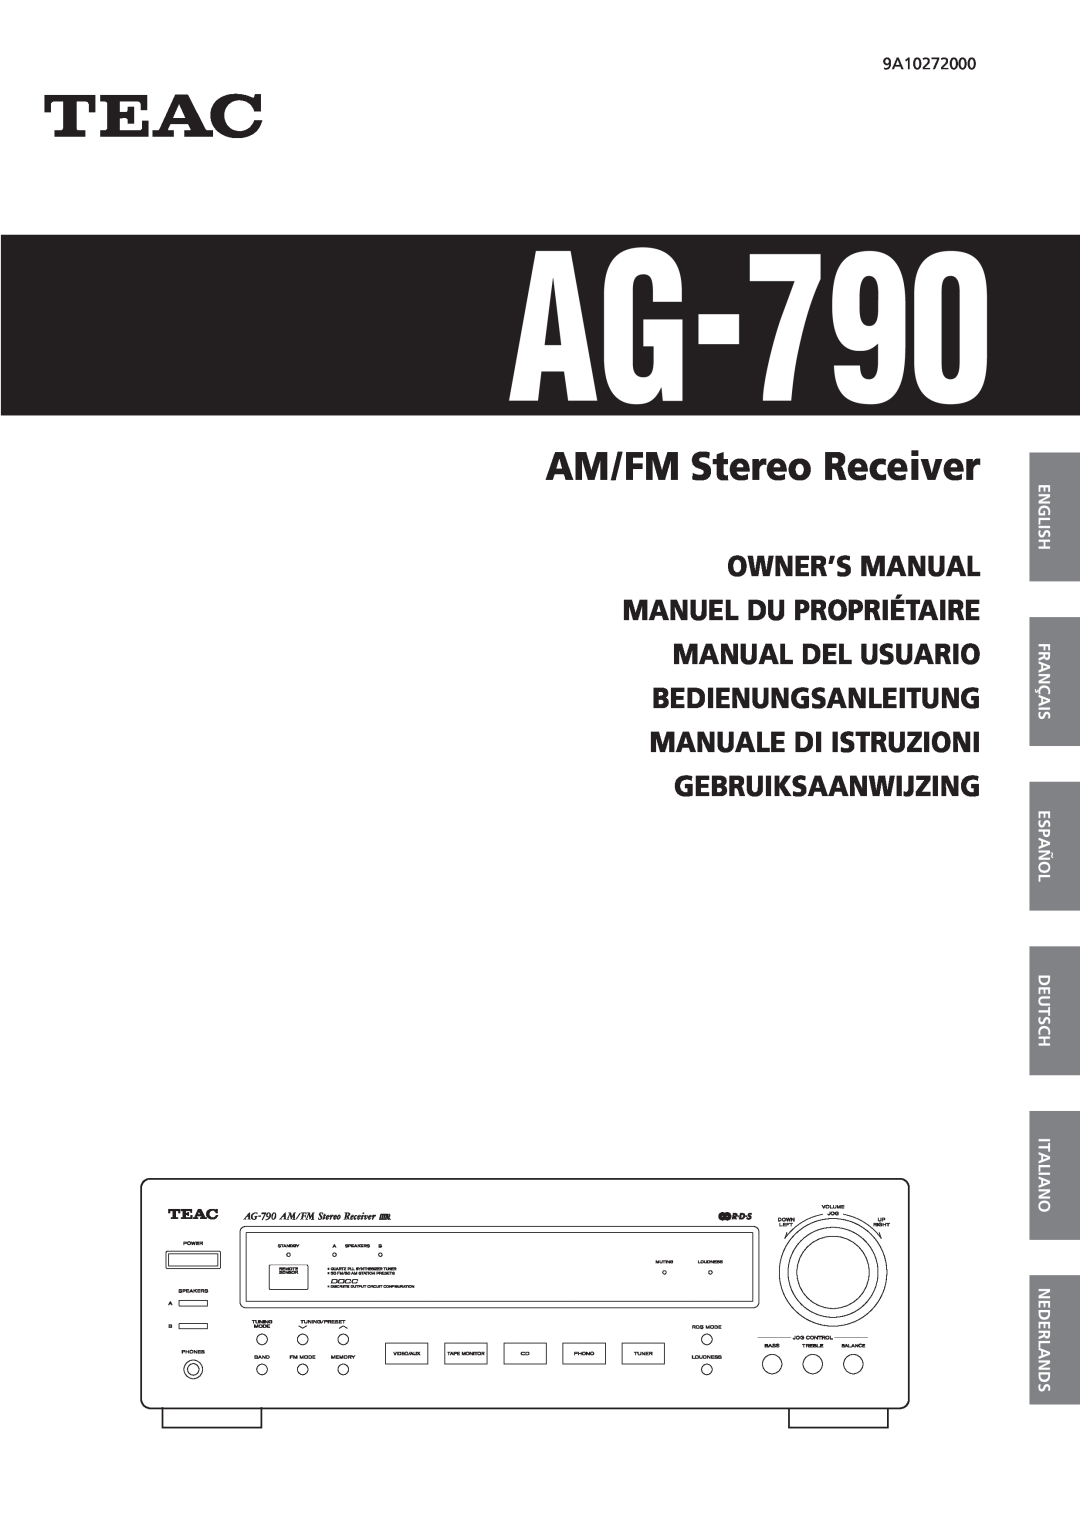 Teac AG-790 owner manual English Français Español Deutsch Italiano, Nederlands, AM/FM Stereo Receiver 
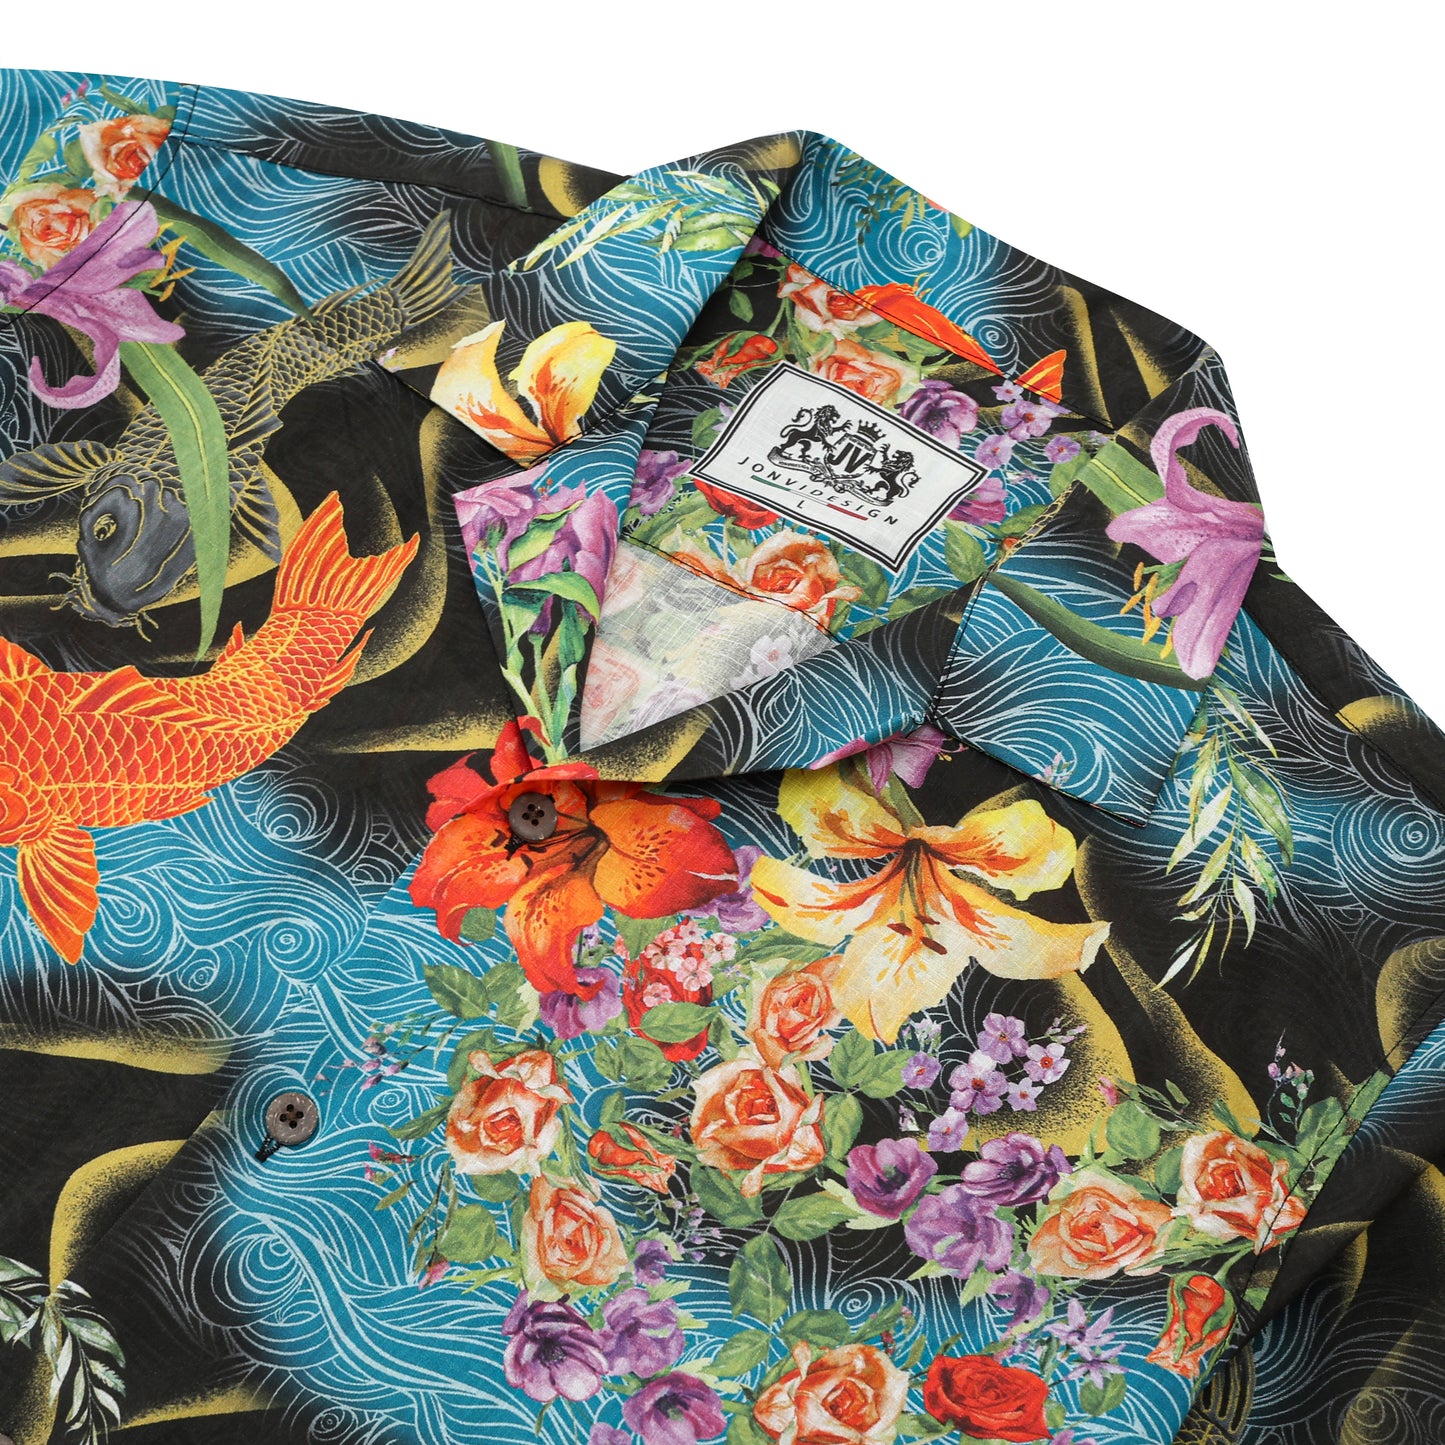 Ukiyo-e Golden Fish Pattern Camp Collar Short Sleeve Shirt
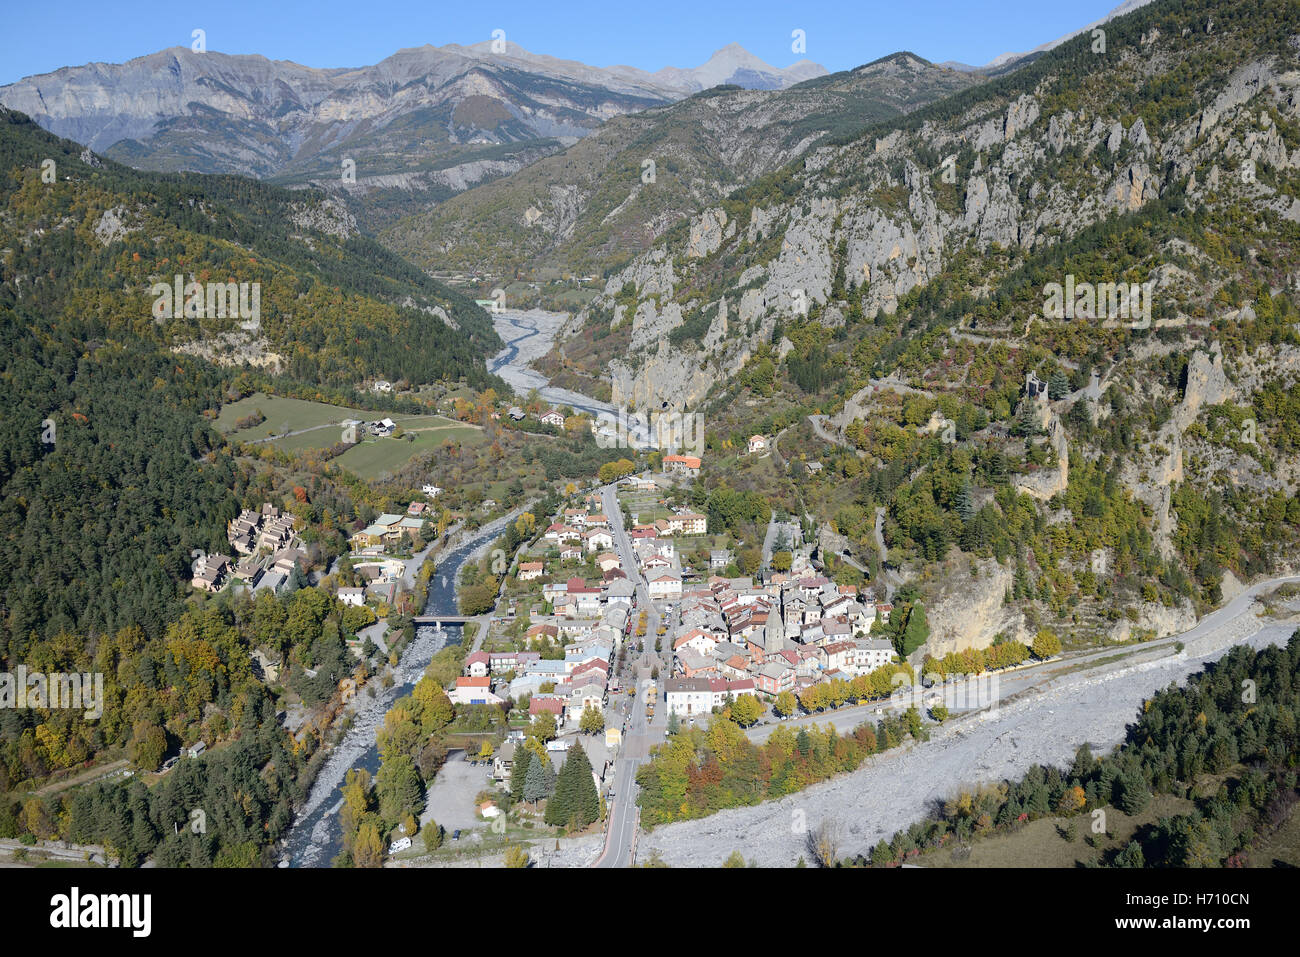 LUFTAUFNAHME. Mittelalterliches Dorf, umgeben von herbstlichen Farben im oberen Var-Tal. Guillaumes, Alpes-Maritimes, Frankreich. Stockfoto
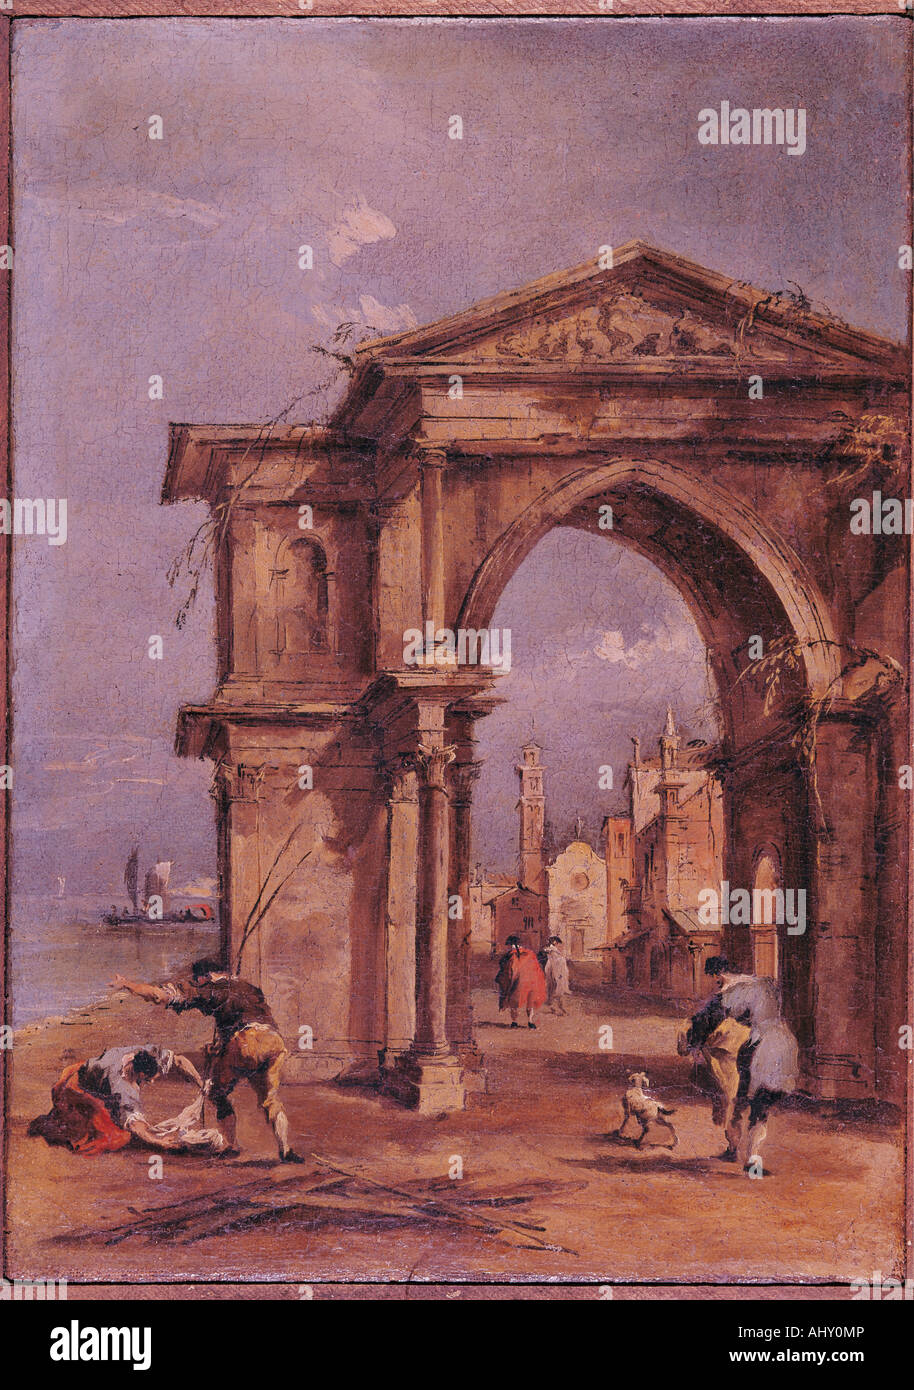 "Belle Arti, Guardi, Francesco (1712 - 1793), pittura, 'Arch con macchiette' ('arch con tipici abitanti"), circa 1770 Foto Stock

EXERCISE REQUIREMENTS: Produce the material above again in full, with identical lines and no pictures.

RESPONSE FOR THIS EXERCISE:
 Teac AG-790 owner manual English Français Español Deutsch Italiano, Nederlands, AM/FM Stereo Receiver 
 Ukiyo-e Golden Fish Pattern Camp Collar Short Sleeve Shirt
 LUFTAUFNAHME. Mittelalterliches Dorf, umgeben von herbstlichen Farben im oberen Var-Tal. Guillaumes, Alpes-Maritimes, Frankreich. Stockfoto
 "Belle Arti, Guardi, Francesco (1712 - 1793), pittura, 'Arch con macchiette' ('arch con tipici abitanti"), circa 1770 Foto Stock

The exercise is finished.